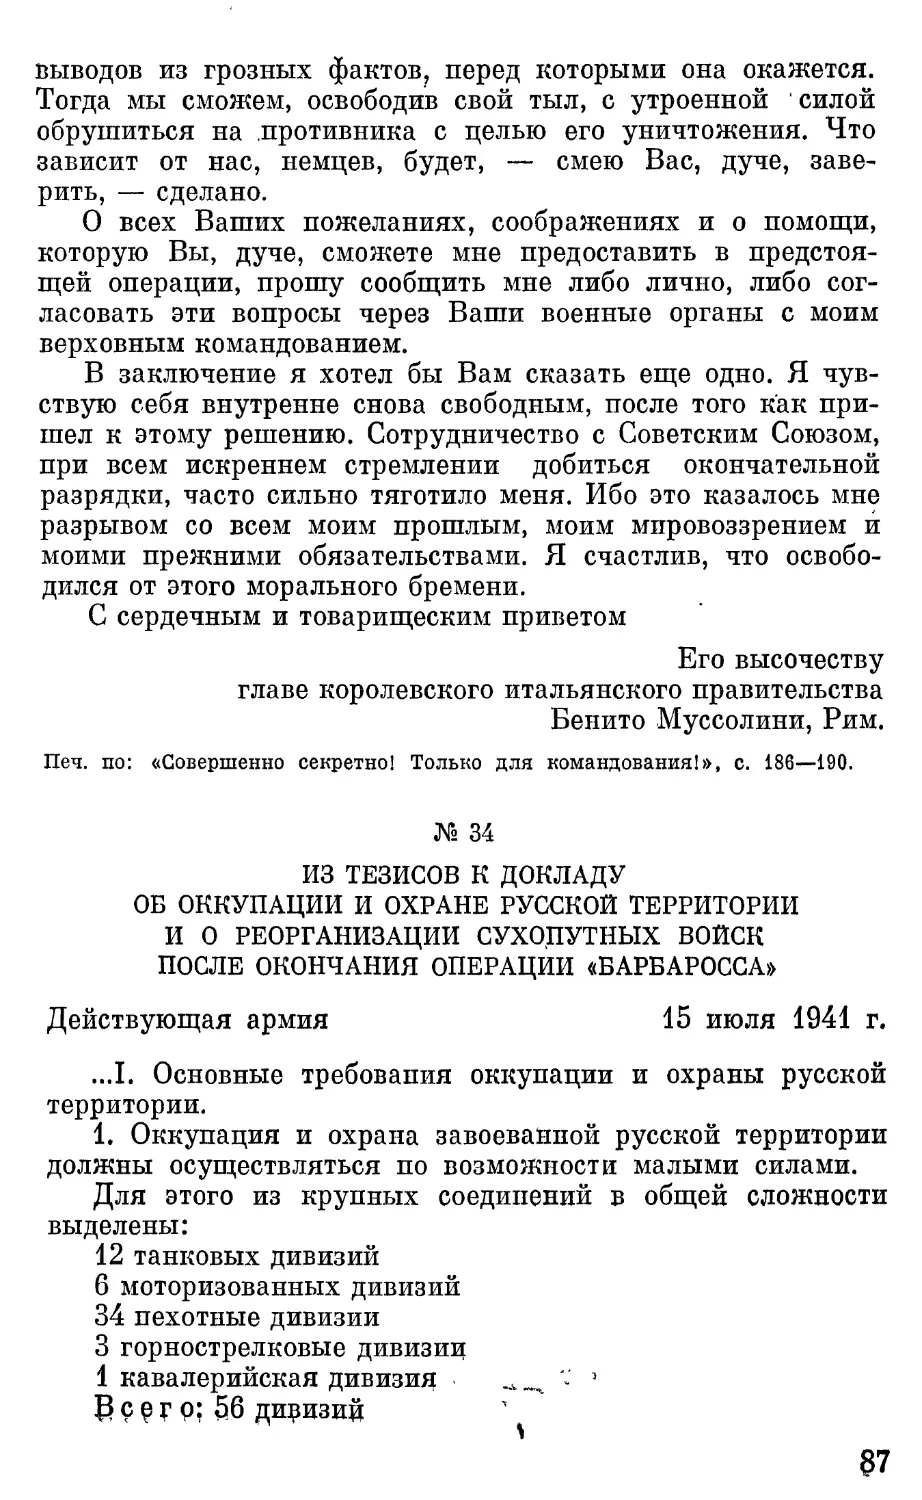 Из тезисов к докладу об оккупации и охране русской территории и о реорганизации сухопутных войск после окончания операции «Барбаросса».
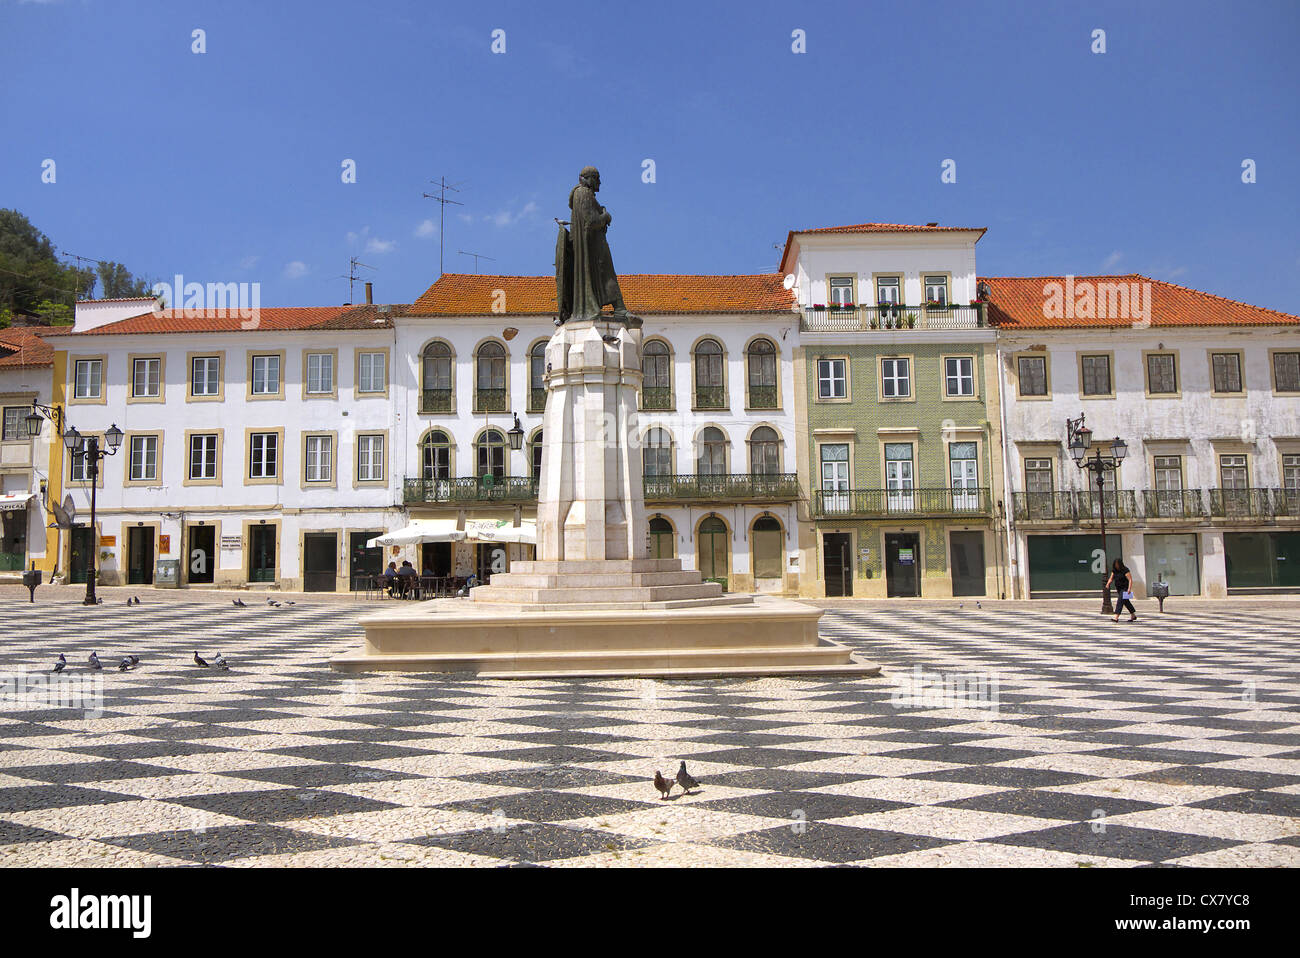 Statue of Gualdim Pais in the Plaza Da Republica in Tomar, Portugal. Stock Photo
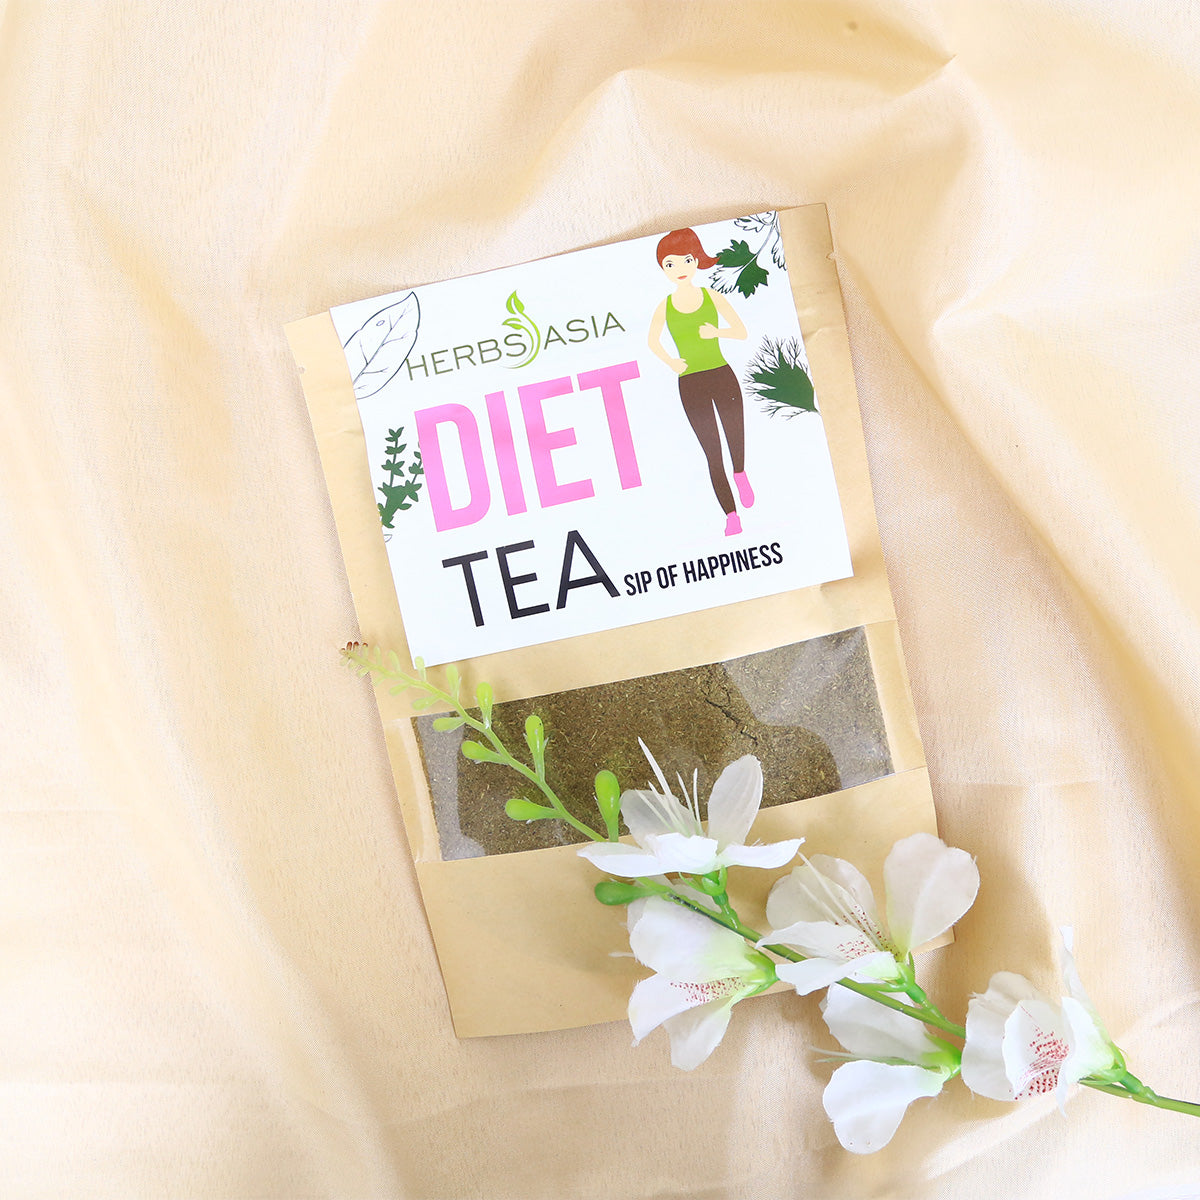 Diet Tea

= = = =

### GOAL OF THE EXERCISE:
Leave the images out and give the rest of the data again exactly.

### EXERCISE ANSWER:
 Из тезисов к докладу об оккупации и охране русской территории и о реорганизации сухопутных войск после окончания операции «Барбаросса».
 Statue of Gualdim Pais in the Plaza Da Republica in Tomar, Portugal. Stock Photo
 Diet Tea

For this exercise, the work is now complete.